Post Office Ban on Anti-War “The Masses” Upheld – Repression of Dissent Expands
In Masses v. Patten, decided on this day, the Second Circuit Court of Appeals overturned the District Court decision by Judge Learned Hand (July 24, 1917) and upheld the Post Office ban on the radical magazine, The Masses.
The Masses was the leading radical magazine in the U.S. before the war, and it became a vocal opponent of U.S. involvement in the war beginning in April 1917. Several of the anti-war cartoons published in the magazine are among the most famous political cartoons in American history. Hand’s District Court decision offered a brief respite from Post Office suppression of anti-war publications during World War I. Following the appeals court decision, the suppression of dissent during World War I resumed.

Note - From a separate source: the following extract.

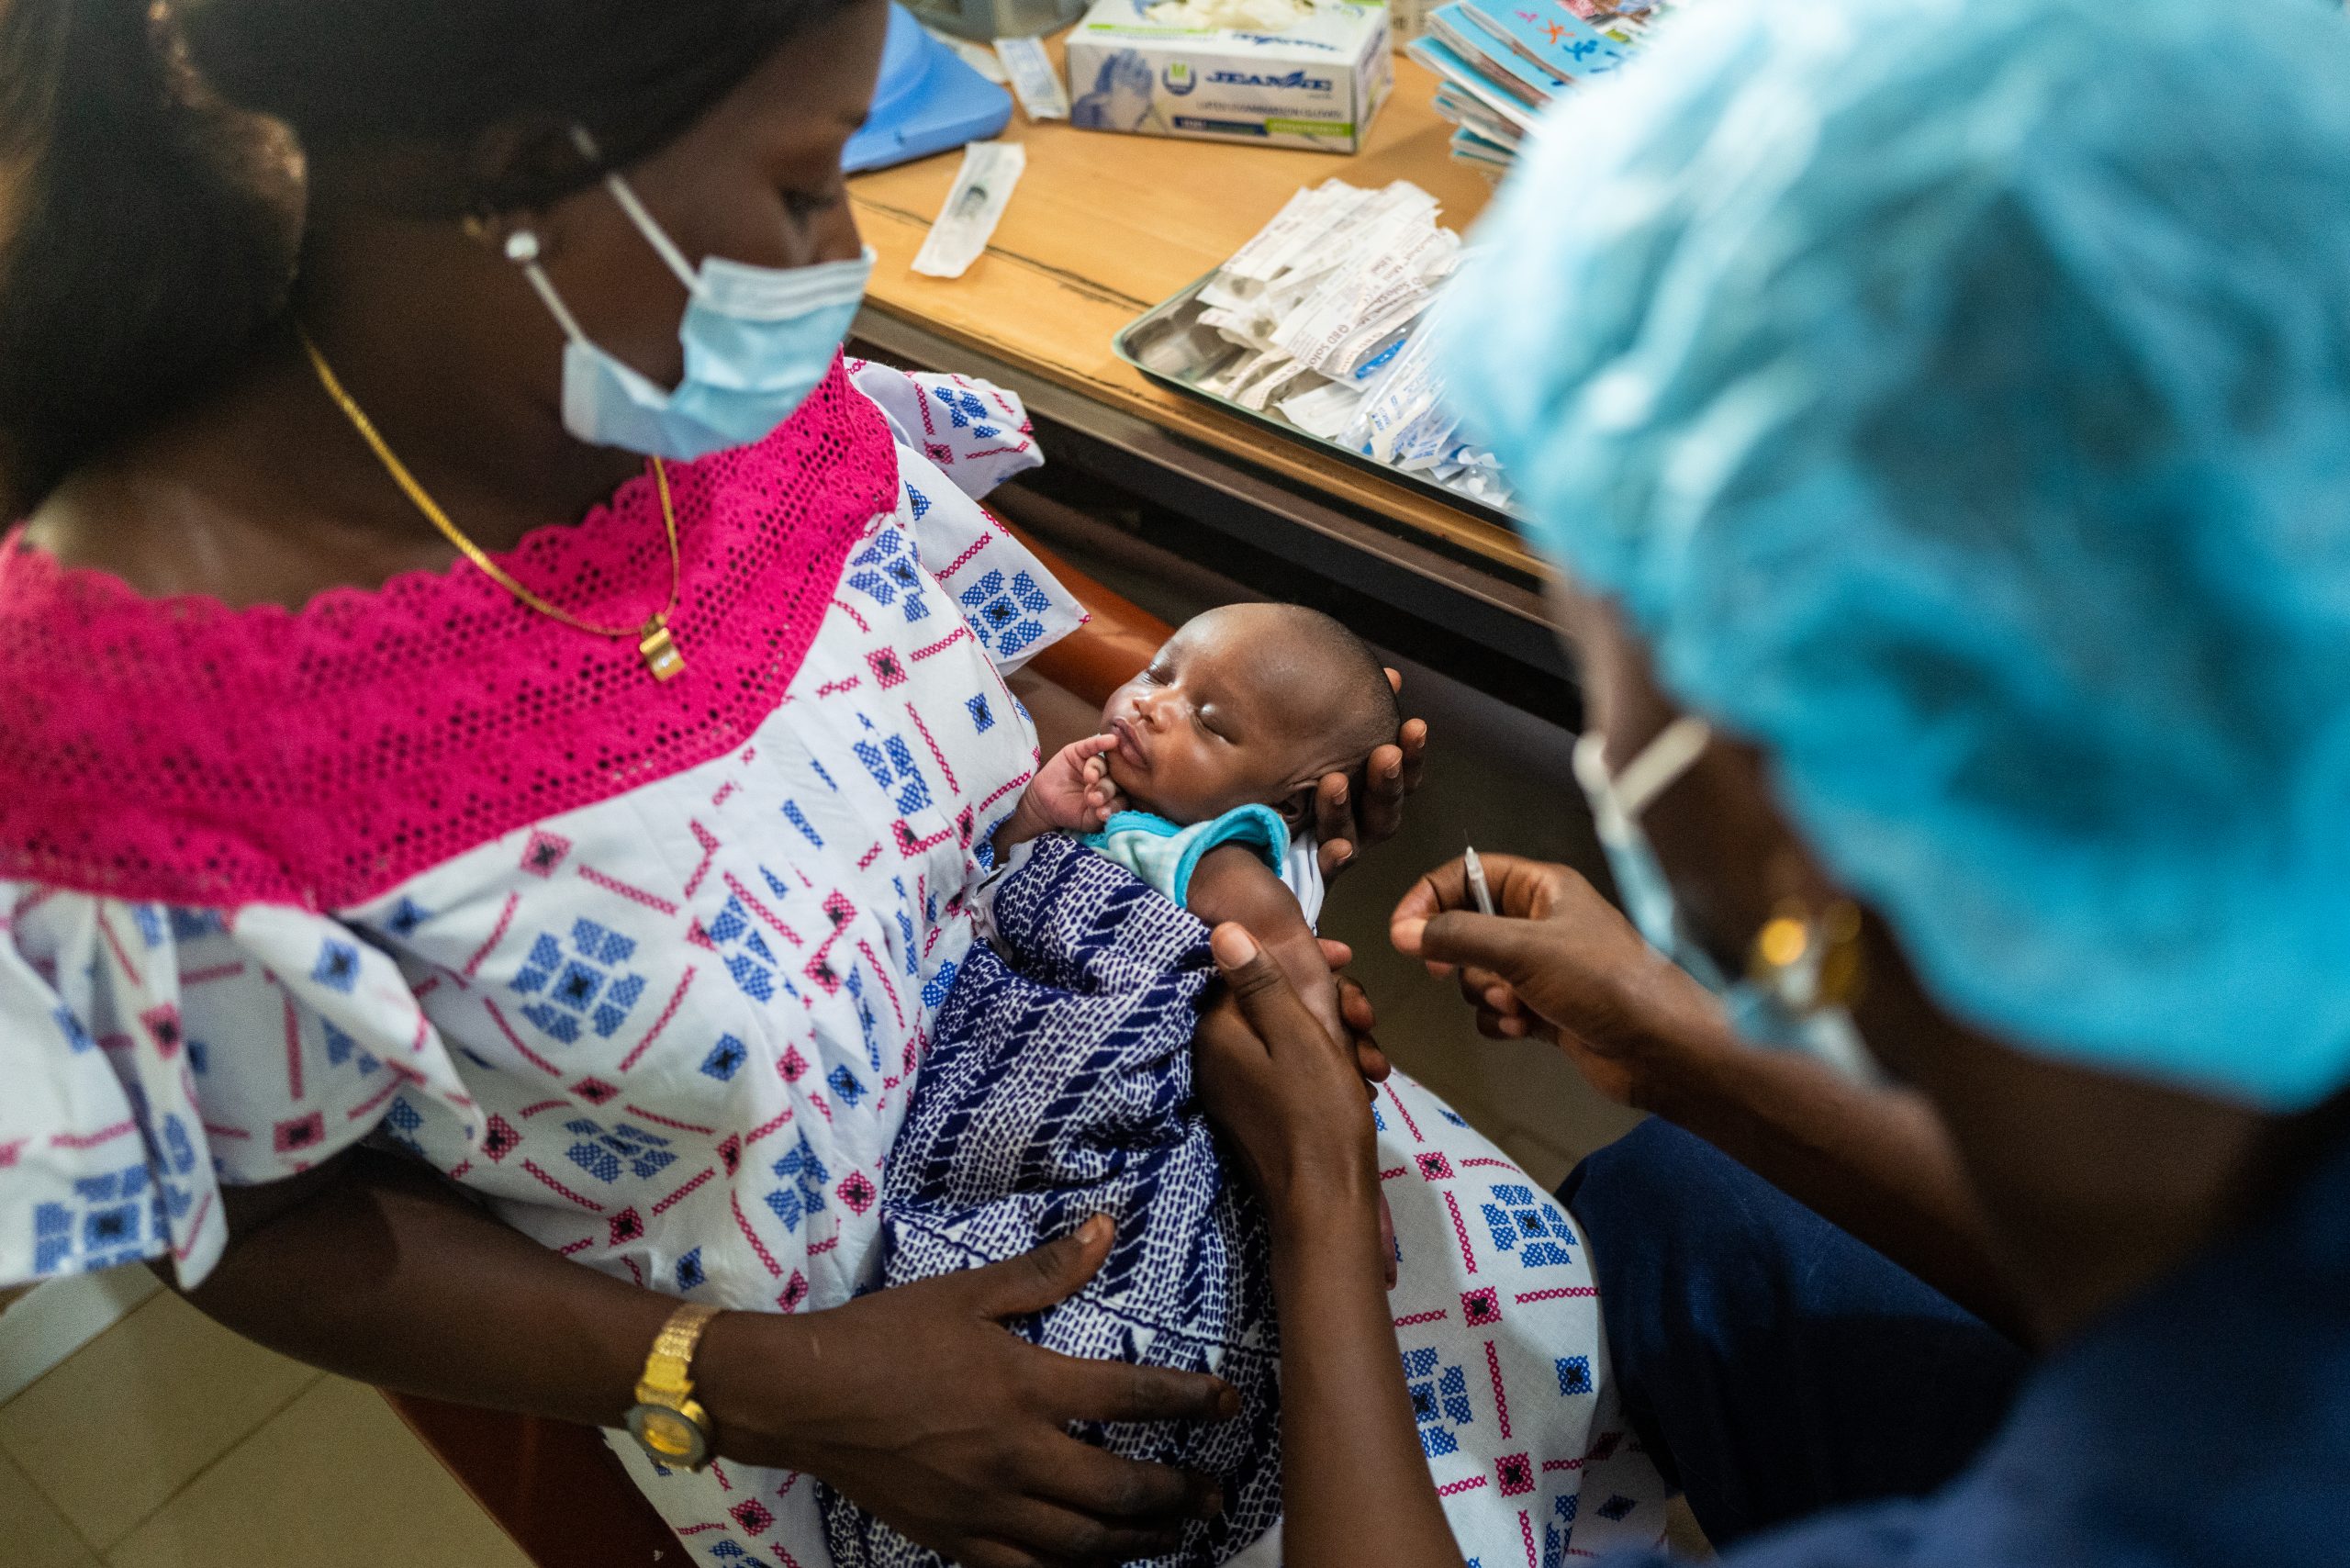 Image of a woman holding an infant about to receive a vaccination.

The Justice Department twice prosecuted the editors of the The Masses under the Espionage Act, but both cases ended in hung juries (see April 27, 1918).
The Masses went out of business in December 1917, and the editors established a new magazine, The Liberator, in March 1918. In a major retreat in the face of continued government censorship, however, editor Max Eastman explained in the first issue that they would refrain from publishing anything that might offend the government.

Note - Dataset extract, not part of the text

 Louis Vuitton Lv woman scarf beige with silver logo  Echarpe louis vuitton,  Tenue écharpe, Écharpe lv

Max Eastman was the brother of Crystal Eastman, founder of the American Union Against Militarism (AUAM), the forerunner of the National Civil Liberties Bureau (NCLB) and then in 1920 the ACLU.
Read about the civil liberties crisis in World War I: Paul L. Murphy, World War I and the Origins of Civil Liberties in the United States (1979)
Read all the issues of The Masses, including the offending one (NOTE: individual issues are slow to load; be patient): http://www.marxists.org/history/usa/pubs/masses/index.htm
Learn more about Max Eastman, editor of The Masses: Christopher Irmscher, Max Eastman: A Life (2017)
Read a biography of Judge Learned Hand: Gerald Gunther, Learned Hand: The Man and the Judge (1994)
Learn more about the Masses: William L. O’Neil, Echoes of Revolt: The Masses, 1911–1917 (1966)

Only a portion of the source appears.